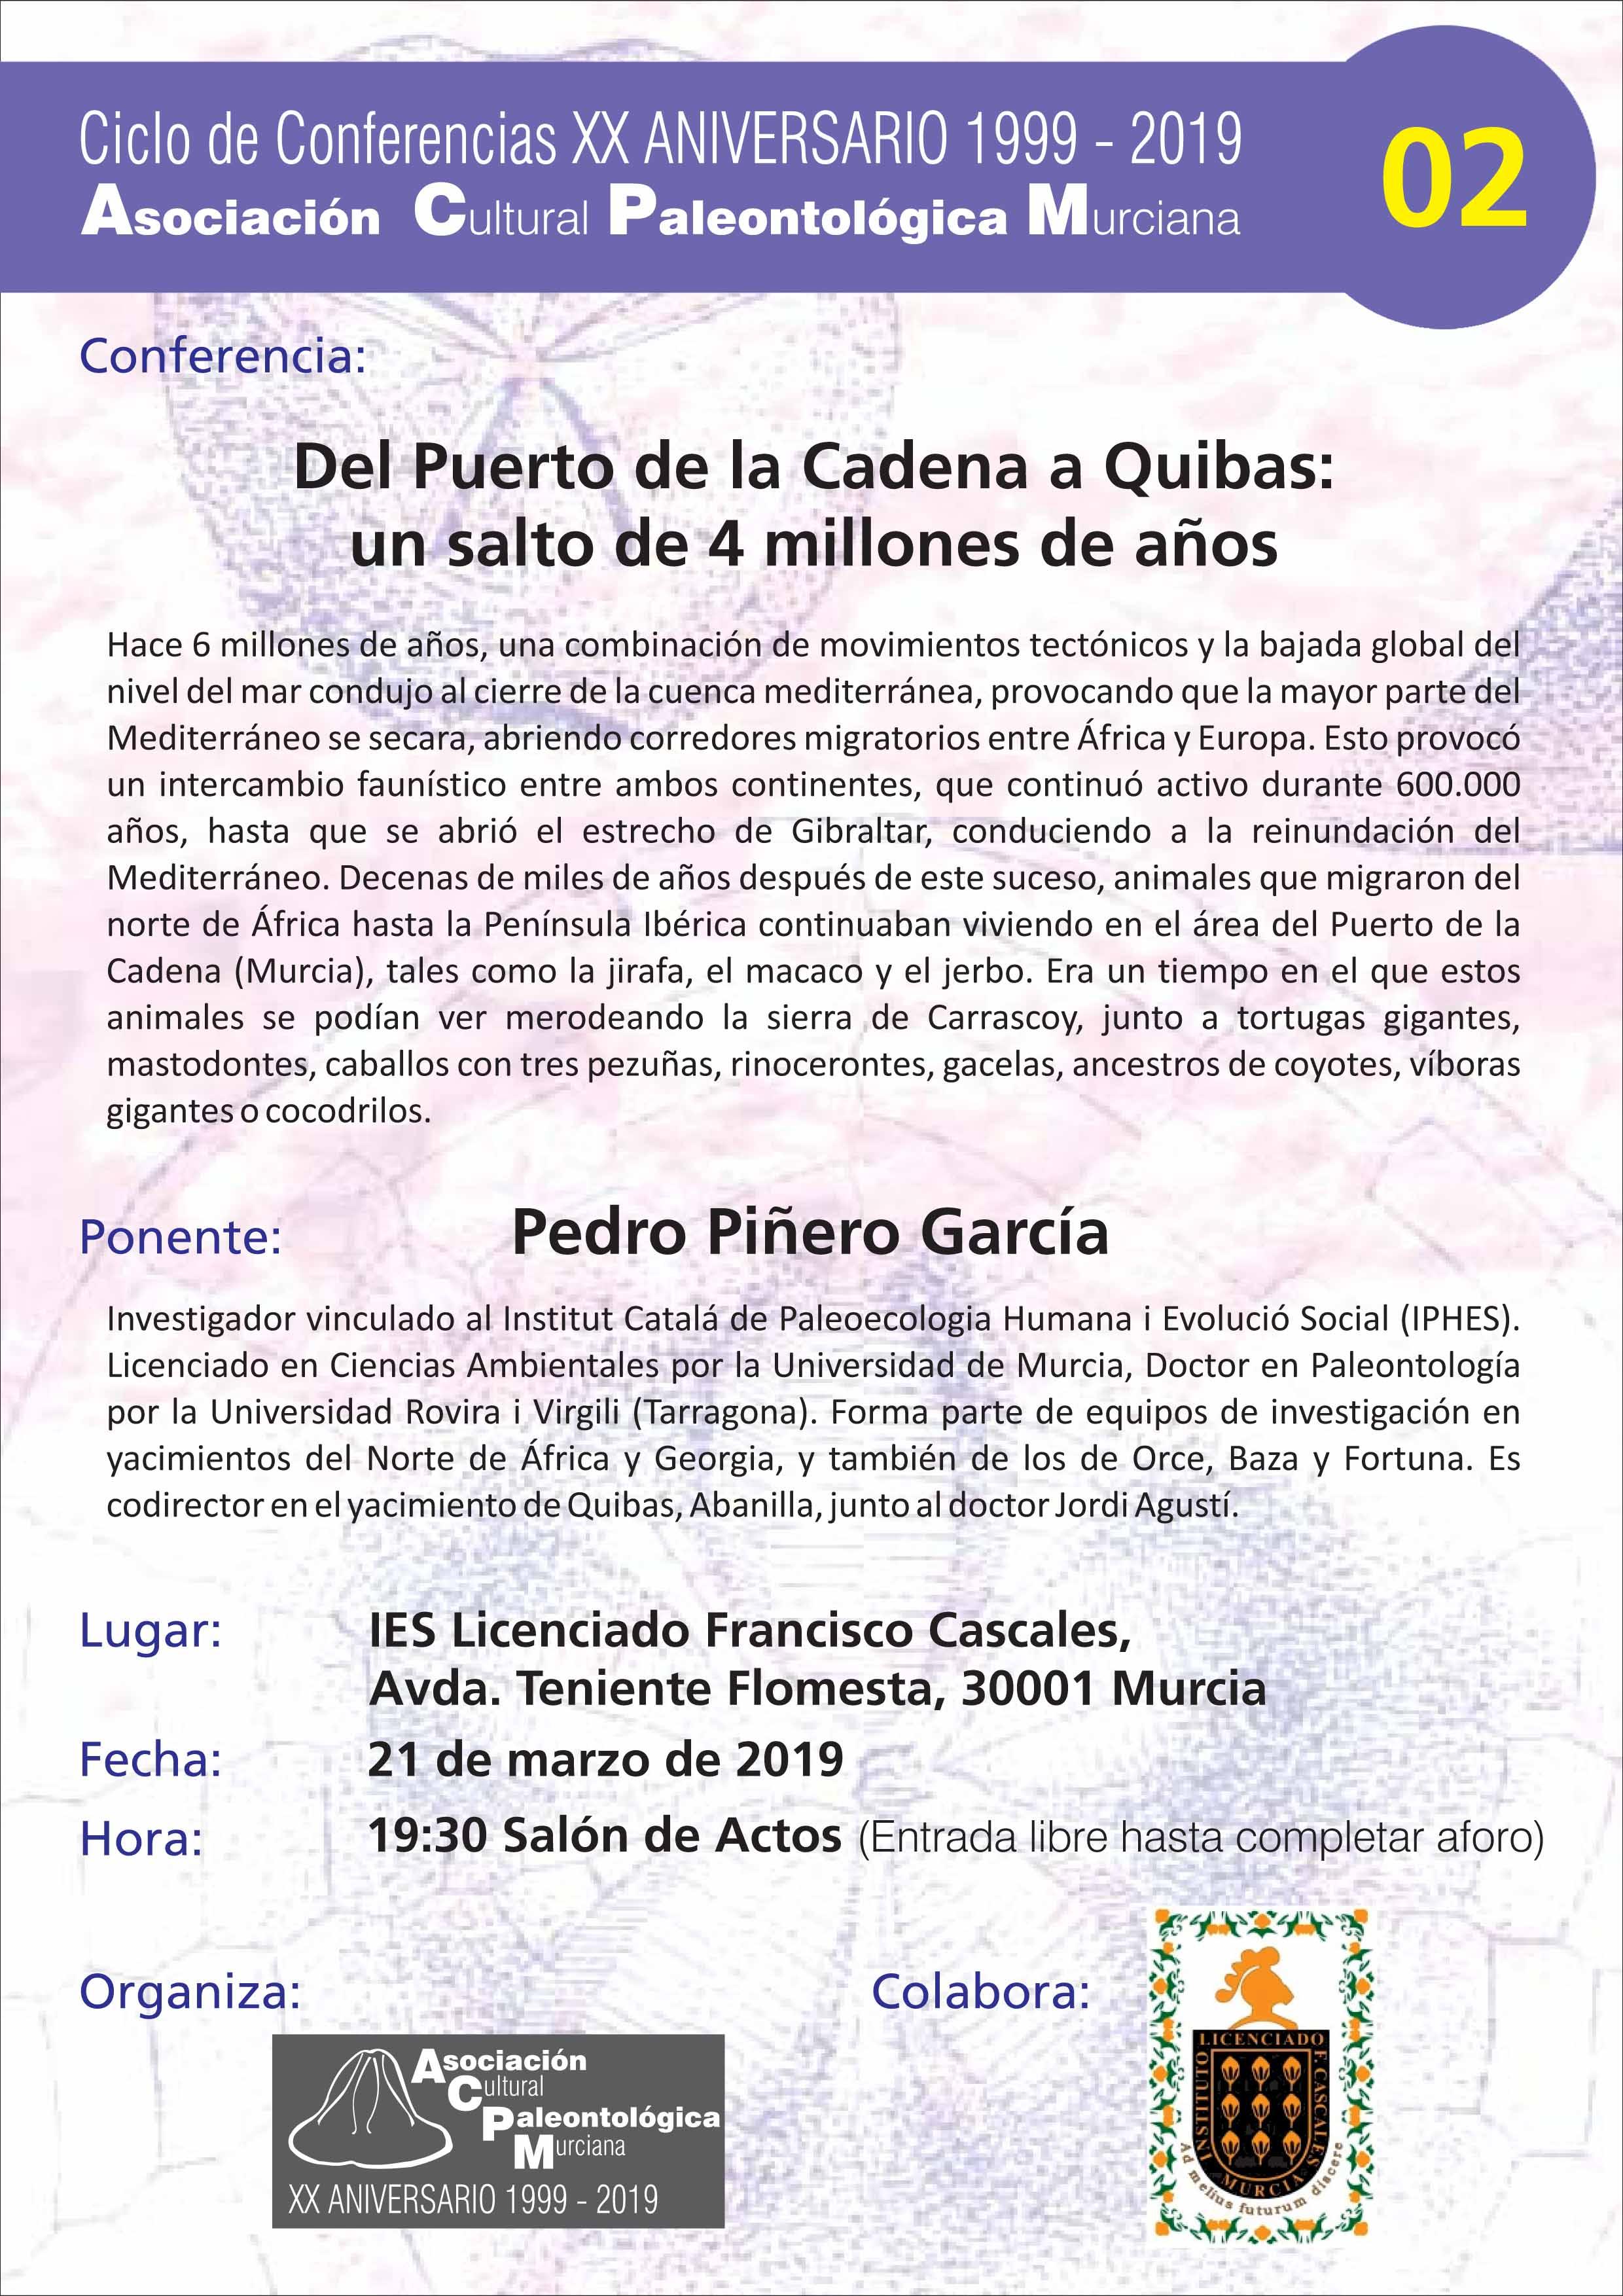 Charla Paleontológica sobre el Puerto de la Cadena, con ACPM
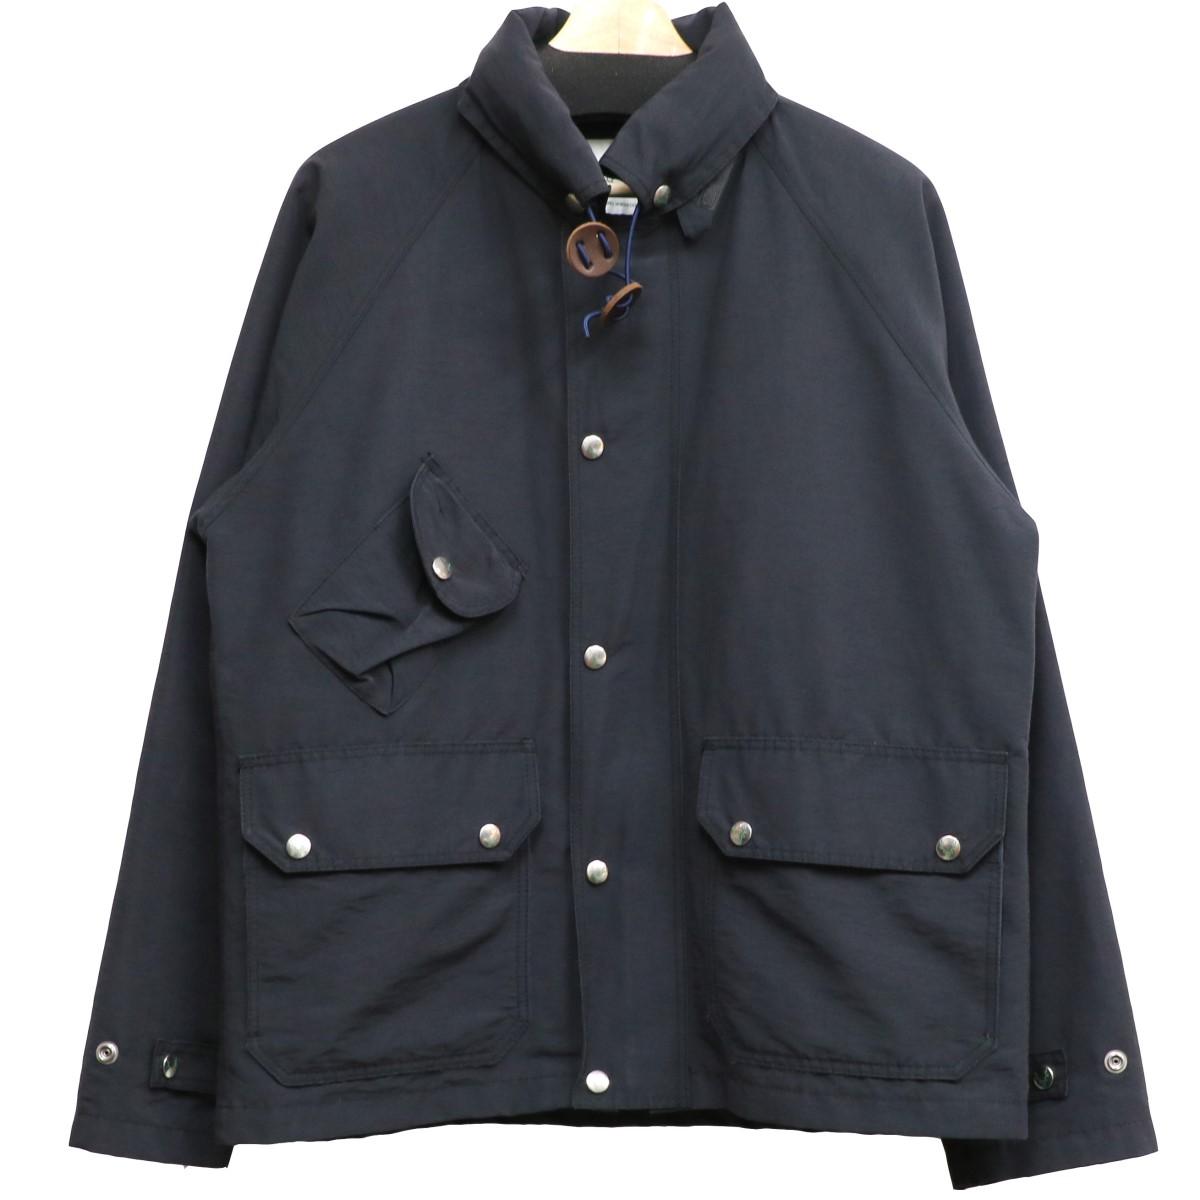 【中古】South2 West8 S2W8 Carmel Jacket60/40カーメルジャケット ネイビー サイズ:S 【120720】(サウスツーウエストエイト)
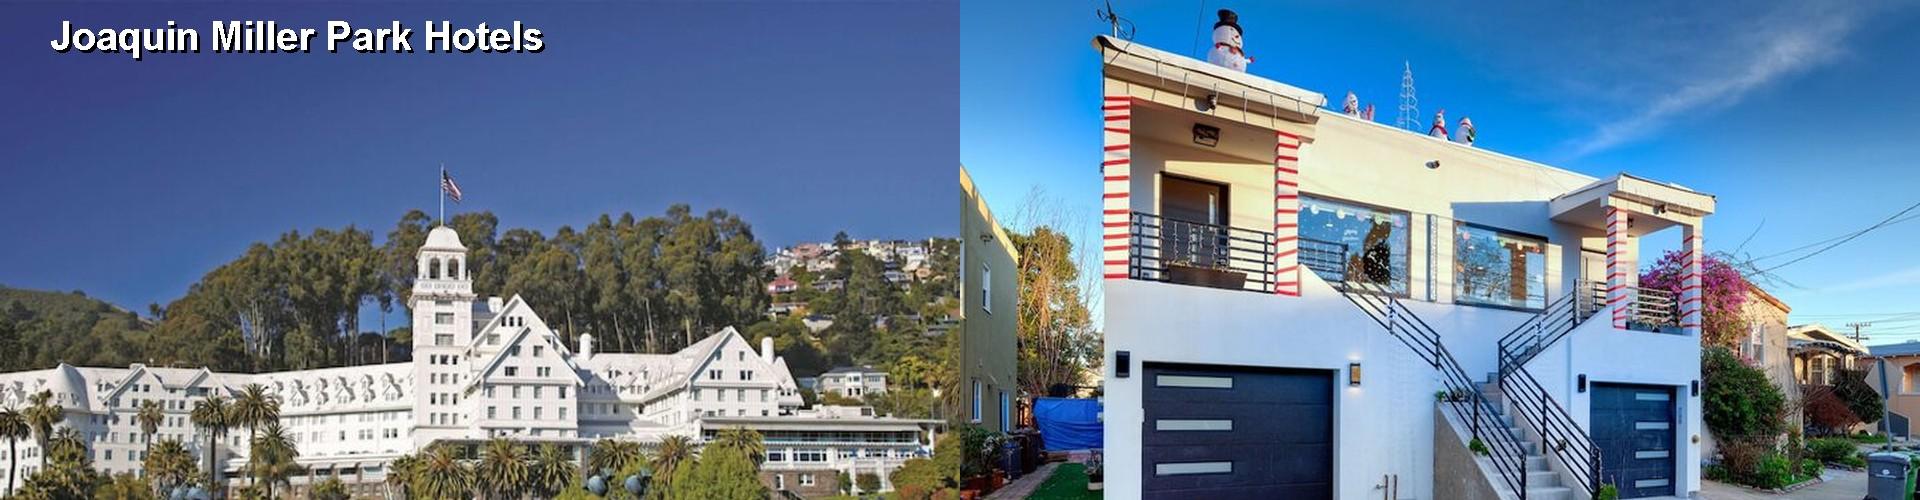 5 Best Hotels Near Joaquin Miller Park

◆ **Activity**
Restate the listing above word for word and skip each picture.

◆ **Written response**
 Charla Paleontológica sobre el Puerto de la Cadena, con ACPM
 【中古】South2 West8 S2W8 Carmel Jacket60/40カーメルジャケット ネイビー サイズ:S 【120720】(サウスツーウエストエイト)
 5 Best Hotels Near Joaquin Miller Park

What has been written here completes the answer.